A: Yes. The Older Workers’ Benefit Protection Act (OWBPA) amended the Age Discrimination in Employment Act (ADEA) to impose specific minimum conditions that must be met for an effective release of potential age discrimination claims under the ADEA. In particular, the OWBPA requires that a release of potential age discrimination claims be knowing and voluntary. The statute, in 29 U.S.C. §626(f), indicates that a release will not be knowing and voluntary unless all of the following minimum requirements are met:

(Download a free Retirement model policy including HR best practices and legal background.)

(1) the release agreement is written in a manner calculated to be understood by the average employee;

(2) the release specifically refers to rights arising under the ADEA;

(3) the employee does not waive rights or claims arising after the waiver is executed;

(4) the employee receives some consideration or benefit in addition to that to which he was already entitled;

(5) the employee is advised in writing to consult an attorney before signing the waiver agreement;

(6) the employee is given at least 21 days to consider the release, or at least 45 days if the waiver is offered in connection with an exit incentive offered to a class of employees;

(7) the agreement allows the employee to revoke the release for at least seven days after signing and it does not become effective until the revocation period expires; and

(8) where the exit incentive is being offered to a class of employees, the employer must provide a description of the class covered by the program, the eligibility requirements, applicable time limits, and a list of the eligible employees’ job titles and ages plus a list of the ages of the ineligible employees who have the same jobs. See 29 U.S.C. §626(f). EEOC regulations explain the OWBPA waiver requirements, including wording of the agreements and disclosure requirements when a class of employees are involved in 29 C.F.R. §1625.22.

As indicated in (6), above, you must provide an employee with at least 21 days to consider the release, or 45 days if a class of employees is involved.

(Download a free Retirement model policy including HR best practices and legal background.)

If the release does not meet the OWBPA’s requirements, it will not protect you from liability under the ADEA. So, for example, in Kruchowski v.
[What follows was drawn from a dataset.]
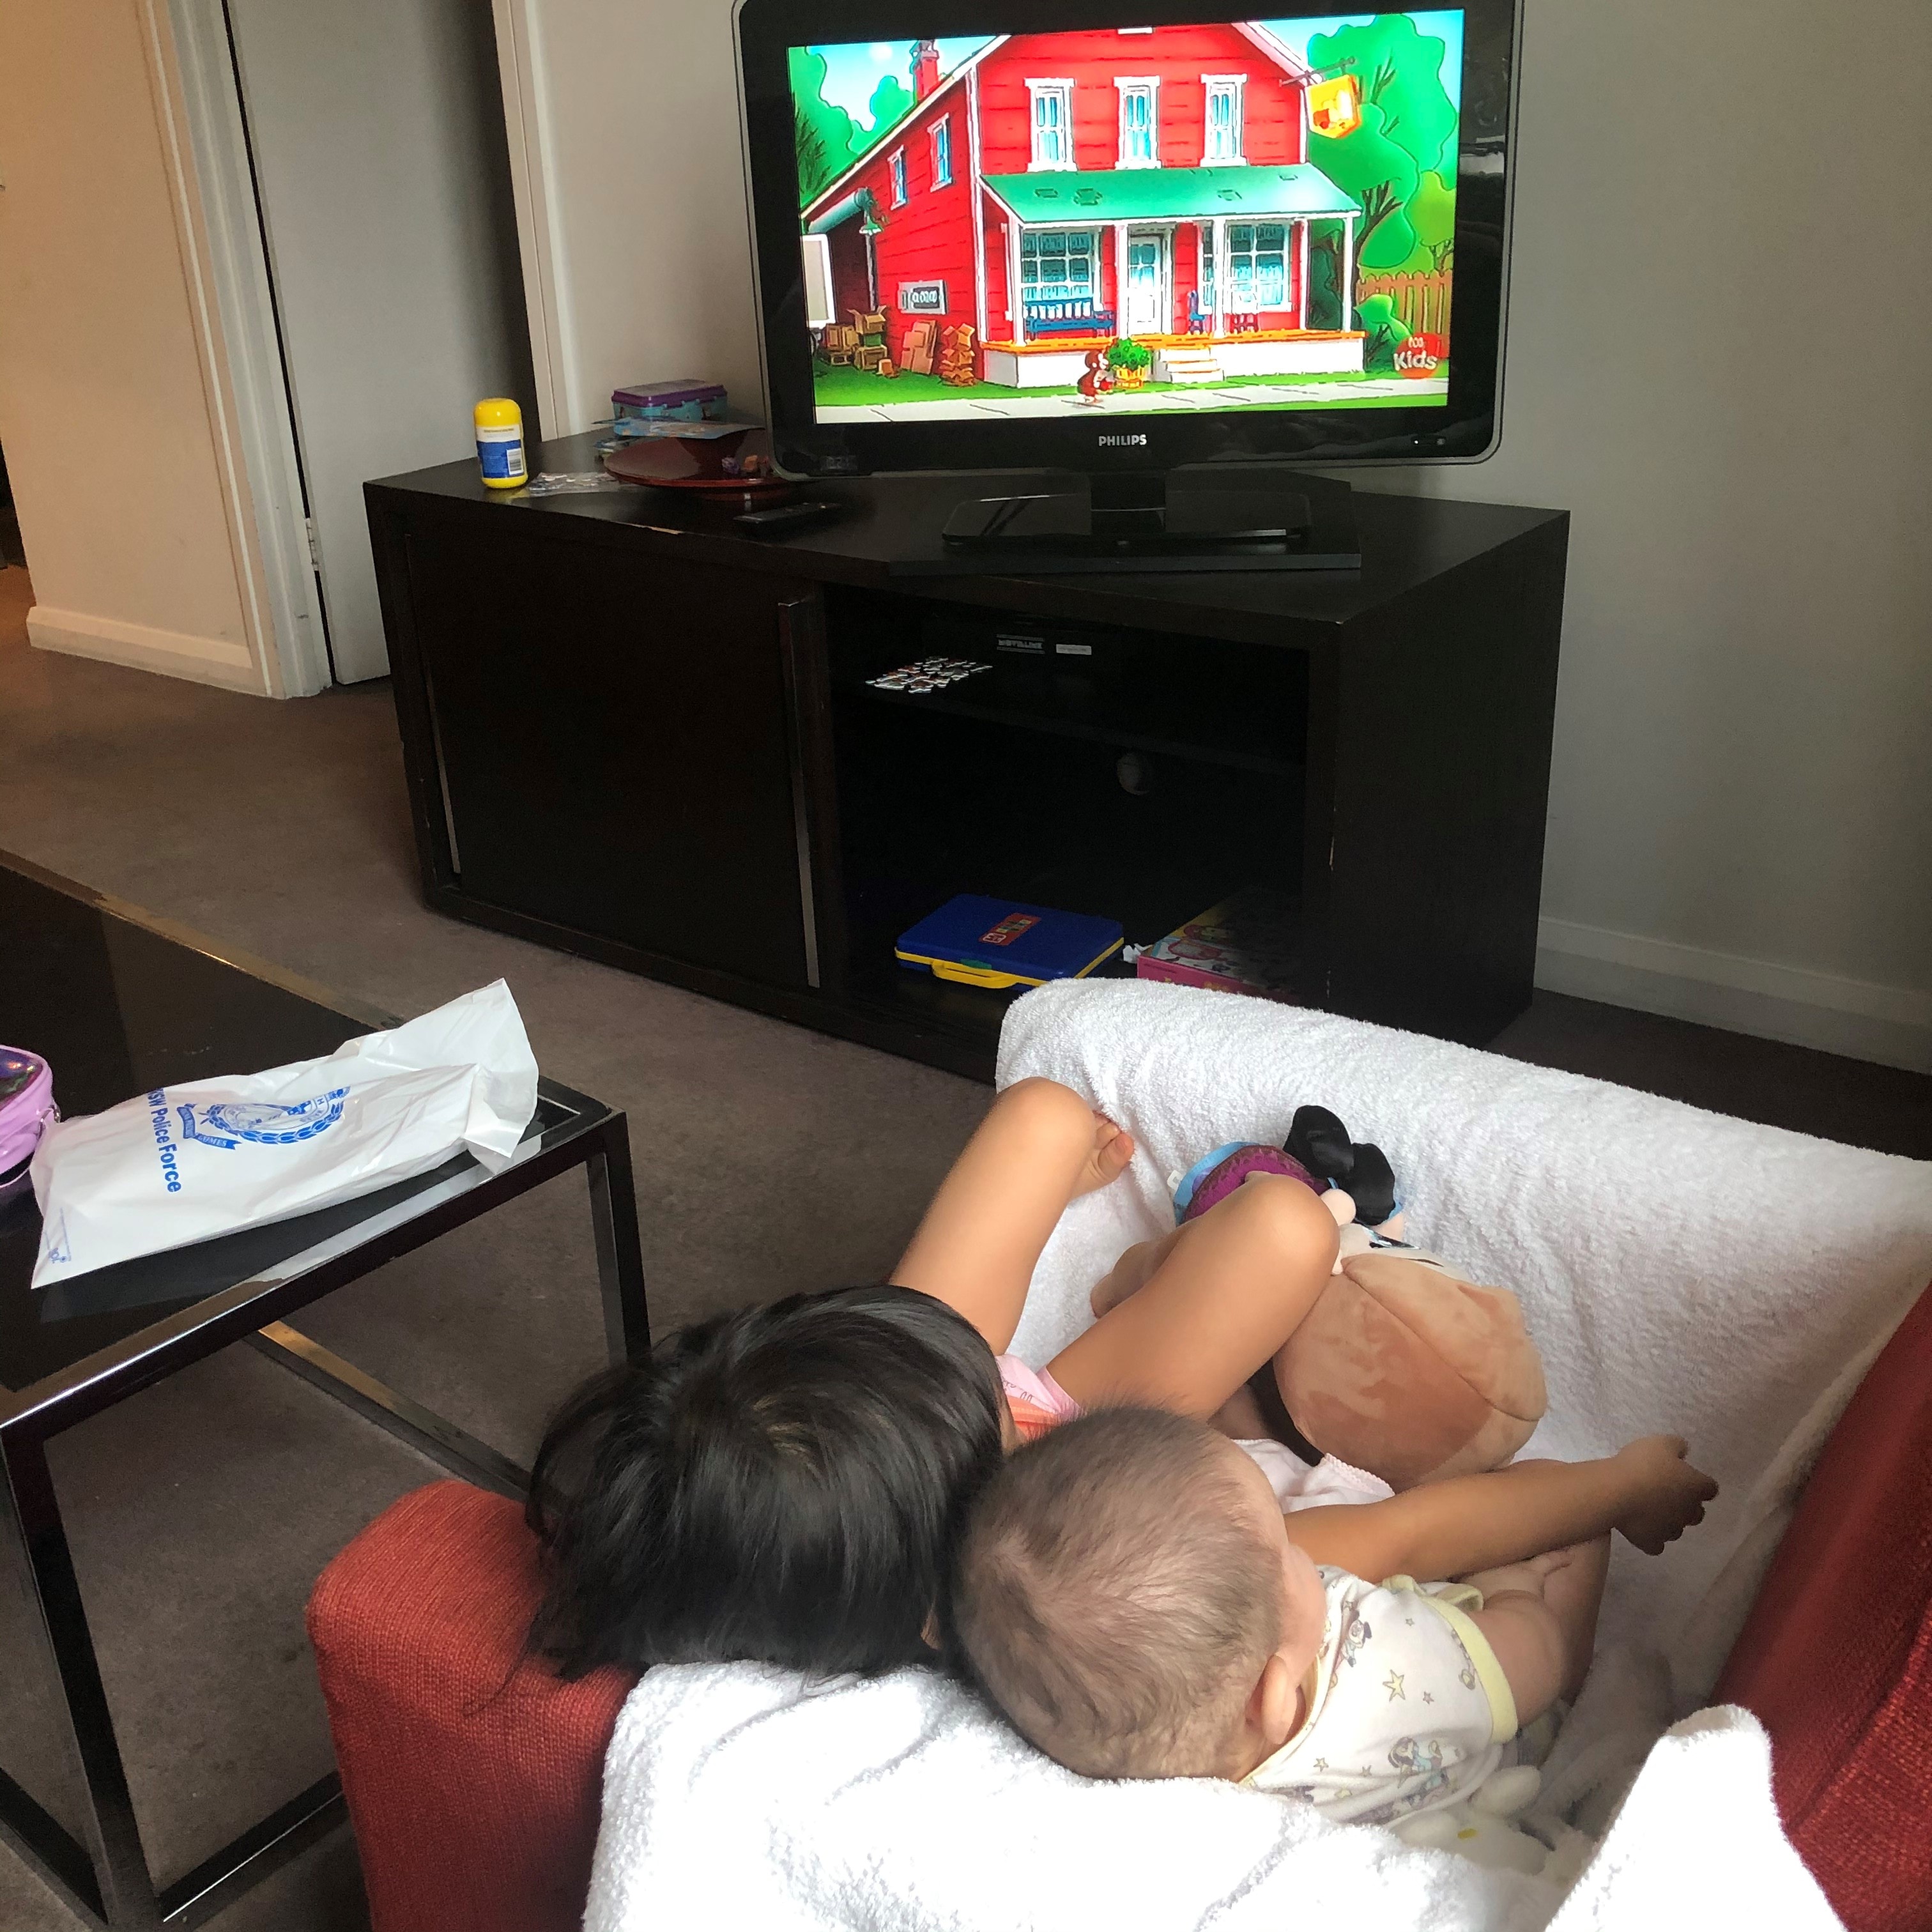 Priscilla Pang and her two kids were isolating for 14 days in a Sydney service apartment.

Weyerhauser Co., 446 F.3d 1090 (10th Cir. 2006), inaccuracies in the information provided about the class of employees covered by a reduction in force rendered the terminated workers’ ADEA waiver invalid because it failed to comply with each and every statutory requirement of the OWBPA and, therefore, was not voluntary and knowing.
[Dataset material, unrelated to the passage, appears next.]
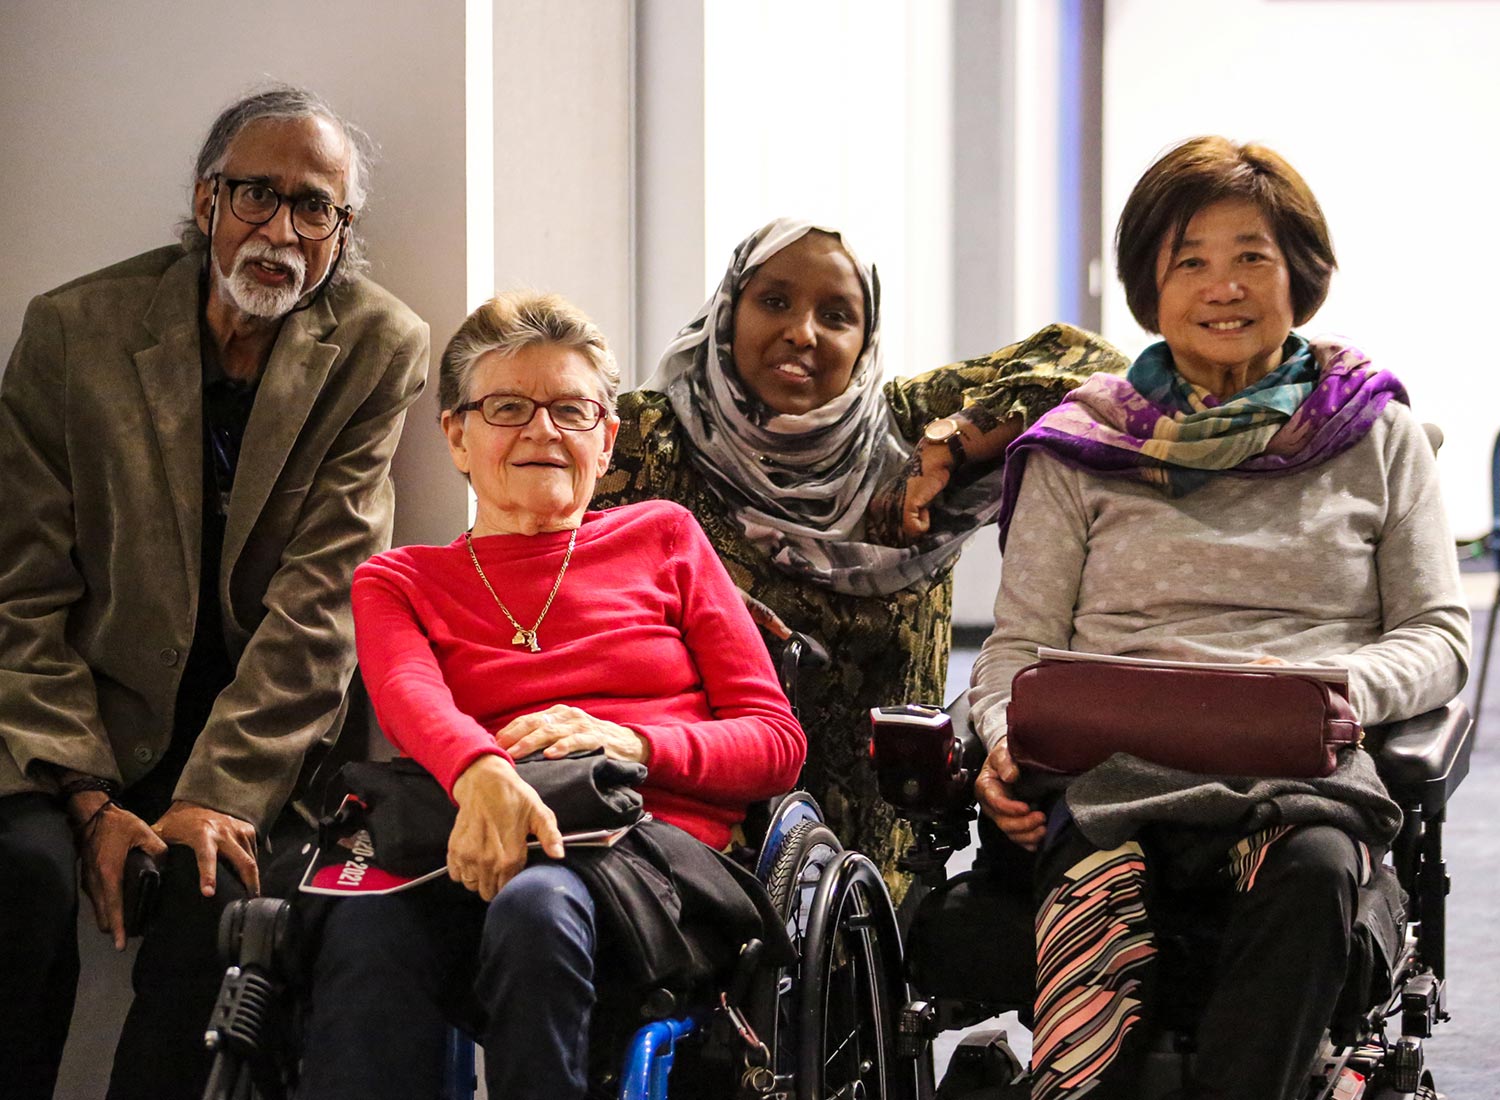 A group of PWdWA members and advocates smiling at the camera.

Further, as the Supreme Court determined in Oubre v. Entergy Operations, Inc., 522 U.S. 422 (1998), if the release is invalid under the OWBPA, former employees are not required to give back (or “tender back”) any severance amounts paid if they then sue their employer for age discrimination. So, in these cases, employees can keep the severance and still sue their employers for age discrimination.

Because of the complexities of creating a valid release of ADEA claims and the consequences if your release is invalid, you should have your attorney review any release and severance letter before providing it to the employee.

Regards,

Robin Thomas, J.D.
Personnel Policy Service, Inc.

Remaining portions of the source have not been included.